Оказалось только, что у всех загадок схожие отгадки. Все превращается в труху, рассыпается в прах, гниет, распадается. Поголовье крыс пошло на спад. Нарушилась гармония между крысами и людьми. Крысам стало достаточно ловушек и яда, они поглупели, жрали отраву, лезли в западню и охотно дохли, приносили себя в жертву. Пришло время потери воли к жизни, крысы оказались главным индикатором этого этапа. Их поголовье уменьшилось не из-за излучения антенн мобильной связи, крысы не тараканы, они сложнее, нечувствительны к прямому человеческому воздействию, у них свои законы, в том числе — по которым их количество растет или уменьшается. Я чувствую крыс, у меня с ними контакты тонкого свойства, уверен, что крысы просто разочаровались в людях, но, в отличие от людей, сумели сохранить ядро, элиту, ушли в более глубокое подполье, там их смогут достать только мои волки.
Фирму купить хотели давно; выжидая, я много потерял, искал достойного покупателя, а продал потомственному гэбисту. Гэбисты постепенно скупили абсолютно все, что не смогли или не захотели купить, то облапали, замазали, запачкали, обложили данью. Они сами, их потомки. Не исключено, что среди потомков есть потехинские дочки и сынки. Самые молоденькие, самые истовые, самая гнусь.
Бедняга Потехин думал своими сперматозоидами подпортить им породу. Их порода не подвержена порче. Их бабам хоть ведрами заливай, в какие угодно одежды ряди, рано или поздно мурло полезет, в любом обличье. Мой гэбист был выпускником университета, антрополог, весь из себя демократ и антисталинист, я думал, что уж этот-то обязательно обманет, а ведь не обманул и даже не торговался.
Вырученные за фирму деньги частью лежат в банке, процент небольшой, но я не верю в большие проценты. Странно, что банк еще не накрылся.

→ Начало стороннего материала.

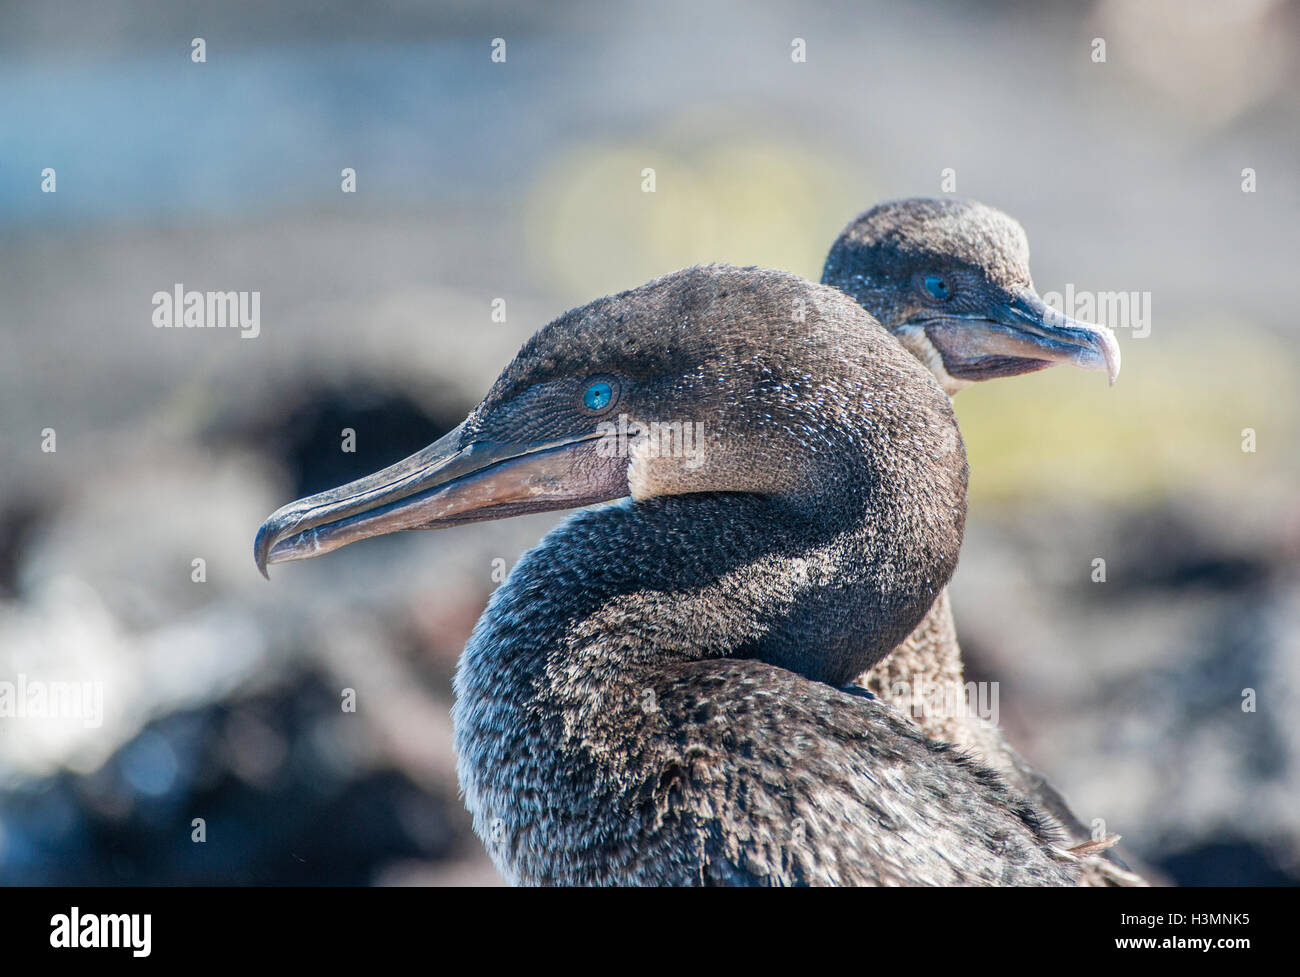 Ecuador, Islas Galápagos, Isla Isabel, perfil retrato de cormoranes no voladores (Nannopterum harrisi) en Punta Moreno Foto de stock

Странно, что мне начисляют пенсию. Какие-то становые жилы еще работают. Какой-то запас еще существует. Приходят открытки — зайдите, получите гречку, зефир в шоколаде, растворимый кофе, треску в масле. Все тот же стандартный набор. Треску я выбрасываю сразу. Хотел однажды отдать одной старушке, та обиделась.
Плотная девушка предлагала провести уборку. Ее прислали районные власти. Была удивлена, по бумагам я был, оказывается, после операции и должен был с трудом передвигаться. Мы посмеялись, она предложила — раз уж пришла, — вымыть пол, выходя в лоджию покурить, я погладил ее по мягкому, горячему заду, девушка распрямилась, обещала пожаловаться, я сказал, что уж лучше бы она дала мне по физиономии шваброй, что жаловаться нехорошо, тем более я после операции, немощен и убог, мы вновь посмеялись, я угостил девушку чаем, она рассказала, что у ее сына врожденный порок сердца, отец сына, бросивший девушку, лишь только она забеременела, прислал деньги на лечение, он где-то воюет, присылал еще какие-то вещи, среди них она обнаружила хорошую замшевую куртку со следами крови на подкладке. У девушки было красивое, неумное лицо, крепкие ноги, узкие плечи, мне показалось, что она ждет, когда я еще раз положу руку ей на задницу, но пол был уже вымыт, чай выпит.